Jean, quel bilan dresses-tu de votre saison?

Je suis bien évidement vraiment déçu de ne pas avoir réussi à maintenir notre équipe en P3, d’autant plus que nous avions les qualités pour y parvenir et qu’il n’y avait qu’un seul descendant dans notre série. Nous maintenir aurait permis au club d’avoir une P4, une P3 et une P2 inscrites en championnat pour la nouvelle saison qui s’annonce. Cela aurait été top de pouvoir proposer à nos jeunes de pouvoir évoluer et apprendre dans l’une de nos équipes seniors.

Quels moments forts garderas-tu toutefois en mémoire?

Les nombreux moments qui me trottent en tête sont ceux où nous avons mené au score, régulièrement jusqu’à quelques minutes du terme, avant de finalement nous incliner. De nombreux observateurs assistant à nos rencontres s’interrogeaient sur ce paradoxe.

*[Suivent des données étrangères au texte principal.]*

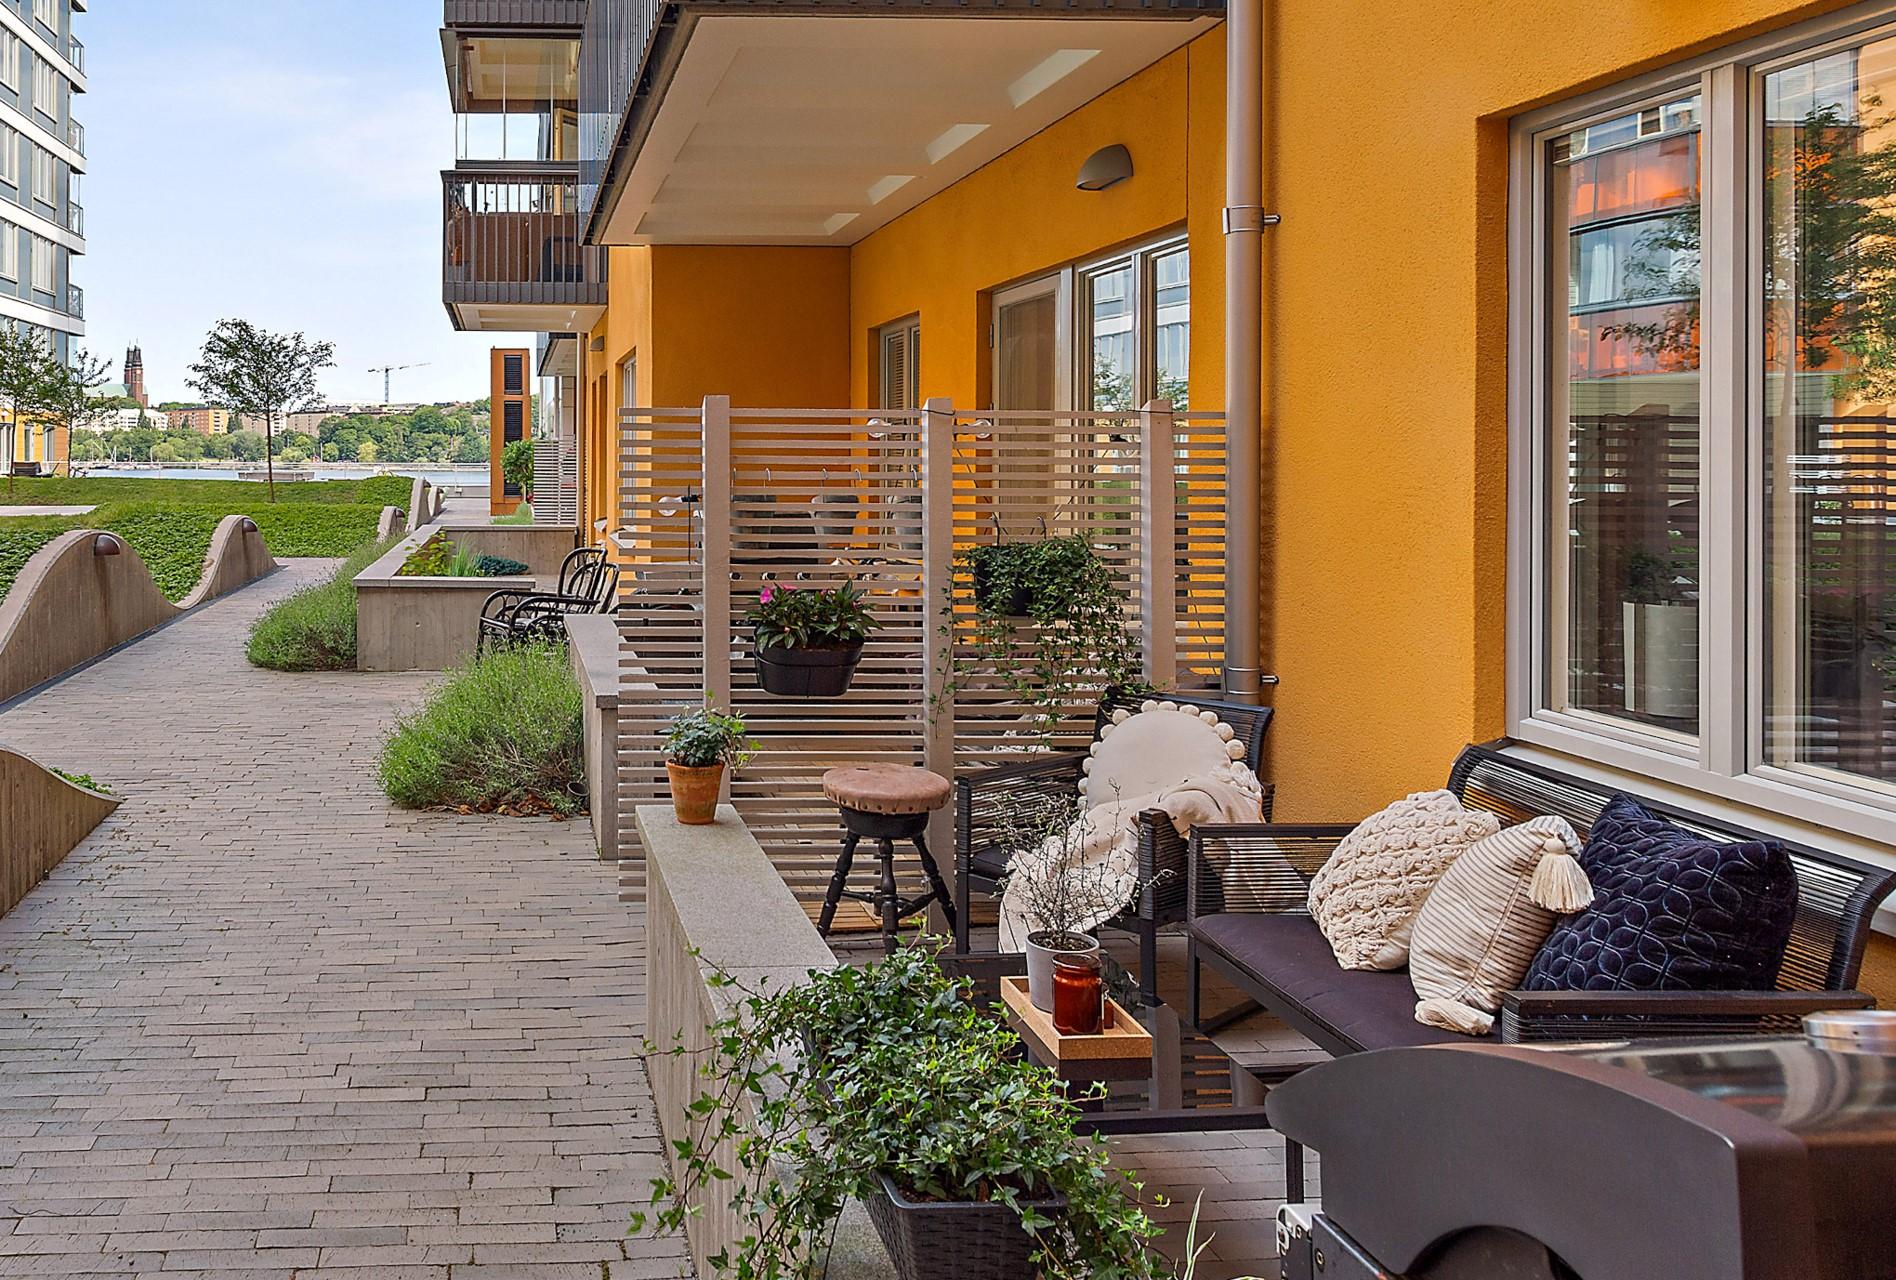 Ekfatsgatan 6 - Lugnt belägen uteplats med fin sjöutsikt.

Qu’as-tu pensé de votre série, la P3A?

Justement, je trouve qu’elle n’était pas extraordinaire, hormis les trois ou quatre formations de tête. Saint Louis, avec un joueur comme Martin Francoeur, était injouable. Alleur et Verlaine possédaient des joueurs d’expérience et pétris de talent. Mais, pour le reste de la série, tout le monde pouvait battre tout le monde.

Quid de la prochaine saison?

Notre équipe explose avec deux joueurs qui quittent le club, d’autres qui vont dans une deuxième P4 d’Henri-Chapelle, plusieurs arrêts et un de mes coéquipiers qui rejoint le groupe P2.

Quant à toi, où évolueras-tu?

Je rejoins l’équipe P4 d’Alain Cordonnier car plusieurs amis avec qui j’ai toujours dit vouloir jouer en font partie. Nous donnerons tout pour jouer le haut du classement, voire la montée. Je pense que ce groupe sera davantage dans ma philosophie et je m’en réjoui. Je veux retrouver le plaisir de jouer, avec des amis, et faire des petites fêtes avec les joueurs mais aussi mon coach « Alane » (rires).